Banalisation de l'état d'urgence : un risque pour la démocratie ?
Sur fond de crise sanitaire, beaucoup de gouvernements se sont octroyés des pouvoirs spéciaux. Après des mois de pandémie et avec l'approche de l'automne, un durcissement des mesures sanitaires se profile, amenant les observateurs à se demander si la 'situation exceptionnelle' justifie la concentration des pouvoirs et les restrictions des droits civiques. La pandémie est-elle un péril pour la démocratie ?
La peur est mauvaise conseillère
Dans une tribune à Tages-Anzeiger, le juriste Thomas Manhart pointe le risque encouru par les droits individuels au nom de la protection de la santé collective :
«En temps de crise, chaque fois qu'une grande insécurité règne, la démocratie est régulièrement affaiblie. Pour trouver des parallèles, nous n'avons pas besoin de revenir 90 années en arrière. Il suffit de porter notre regard vers la Russie, les Etats-Unis, la Hongrie ou la Turquie - et maintenant hélas aussi la Suisse, berceau de la démocratie directe - pour le constater. L'inquiétude et la peur sont toujours mauvaises conseillères et encore plus mauvaises législatrices. ... Il est frappant de constater que dans le débat politique actuel, les autorités font passer la santé publique collective avant les droits individuels de chaque citoyen. C'est dangereux et contraire à notre Constitution.»
La démocratie est capable de gérer le coronavirus
Avec la crise du coronavirus, le gouvernement minoritaire danois dispose de pouvoirs spéciaux lui permettant de prendre des mesures adéquates par décret - un droit qui expirera automatiquement début 2021. En raison de la hausse des cas, il songe par ailleurs à adopter aujourd'hui de nouvelles mesures sanitaires. Berlingske préconise la suppression immédiate de ces pouvoirs :
«Nous devons à présent en accélérer la révision. La démocratie telle que nous la connaissions avant l'apparition du coronavirus est tout à fait en mesure de gérer la difficile situation épidémiologique actuelle. Il est malsain de conférer à un gouvernement minoritaire des pouvoirs aussi étendus. Il est temps que le peuple souverain réfléchisse à la pandémie du coronavirus et à ses conséquences, qui auront une influence déterminante sur la société danoise, et ce pendant de nombreuses années.»
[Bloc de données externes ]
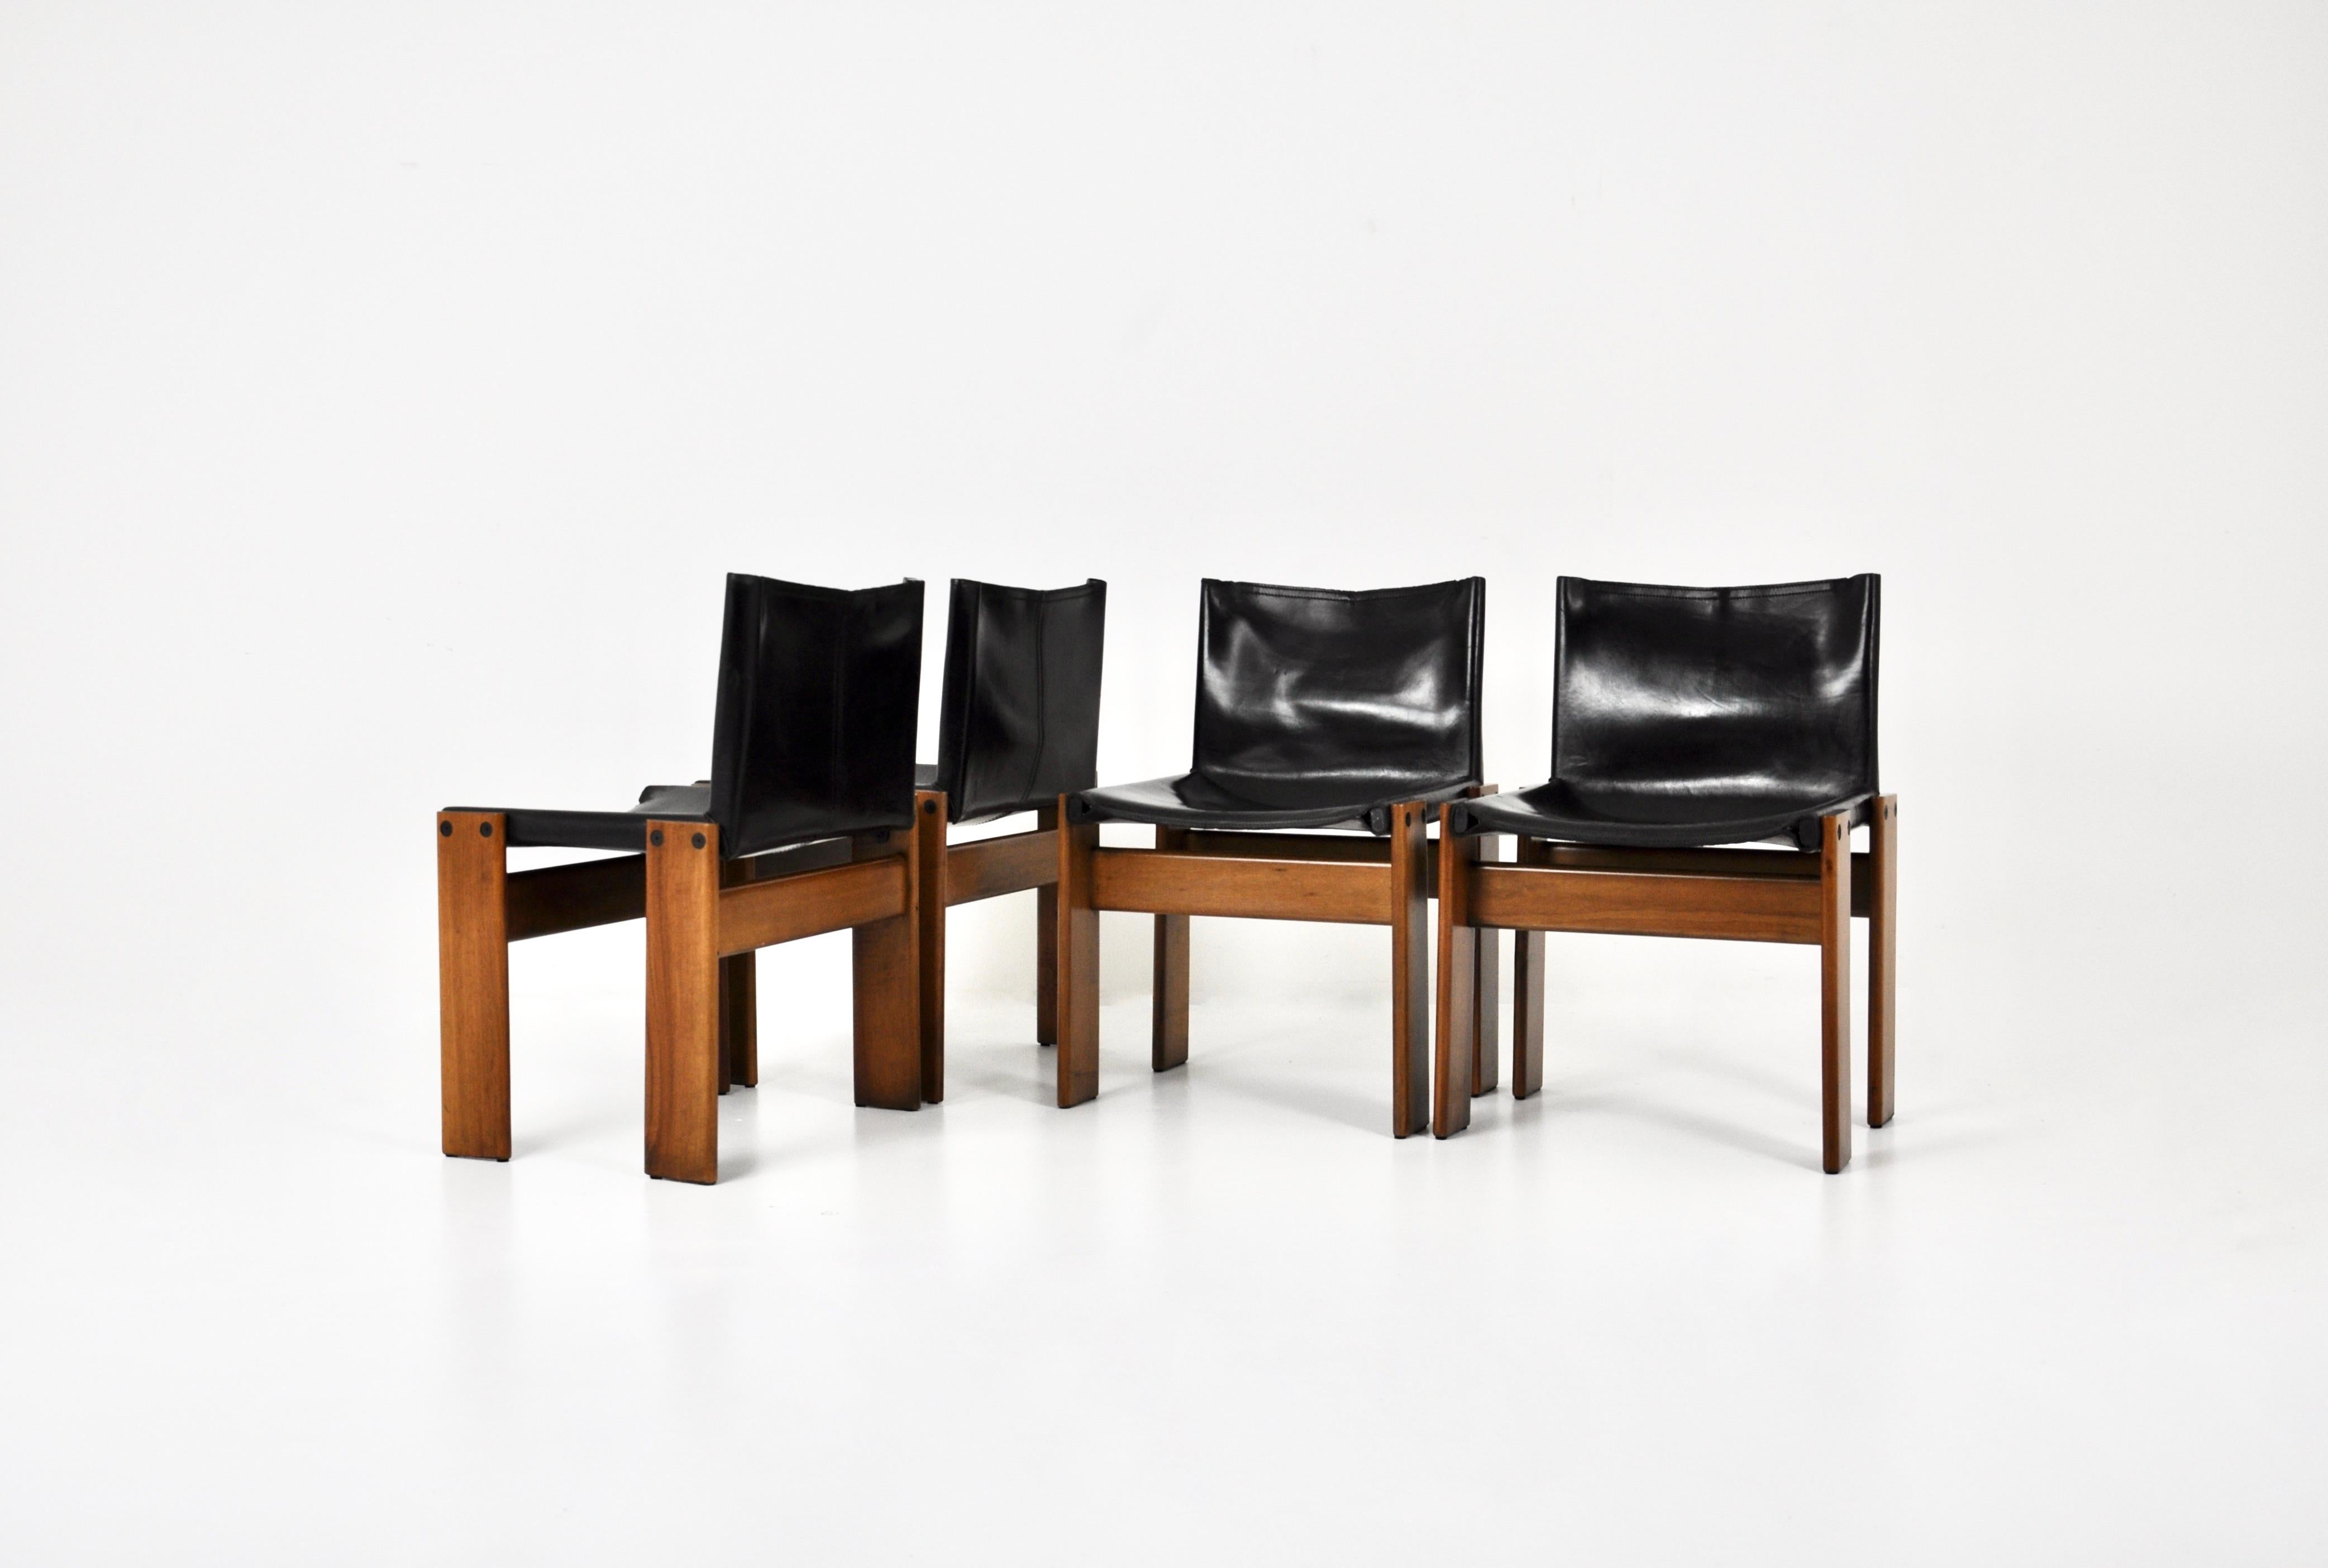 Set aus 4 Stühlen aus schwarzem Leder und Holz, entworfen von Afra & Tobia Scarpa. Modell: Mönch. Sitzhöhe: 43cm Zeit- und altersbedingte Abnutzung der Stühle.
 

De l'importance de la communication
La classe politique devrait redoubler de précautions en termes de communication, estime Kurier :
«Il faut cesser de bombarder de chiffres quotidiennement, voire deux fois par jour, l'opinion avide d'information. Car c'est usant. ... Et autant que faire se peut, il faudrait s'abstenir de prévisions concrètes quant à ce qui va se produire pendant la pandémie. Quand un décideur politique affirme que 'bientôt, chacun connaîtra quelqu'un qui est décédé des suites du coronavirus' et qu'il s'avère par la suite, fort heureusement, qu'il s'était trompé, il provoque le mécontentement des électeurs autant que quelqu'un qui annonce avec trop d'optimisme que l'on aura mis au point un vaccin fiable dès le mois de janvier. A l'heure du coronavirus, la politique sanitaire navigue à vue, elle doit composer avec beaucoup d'inconnues. Il y a néanmoins une constante : quand on suscite le ressentiment ou la confusion chez les électeurs, on finit par les perdre. Et on ne peut se permettre de les perdre.»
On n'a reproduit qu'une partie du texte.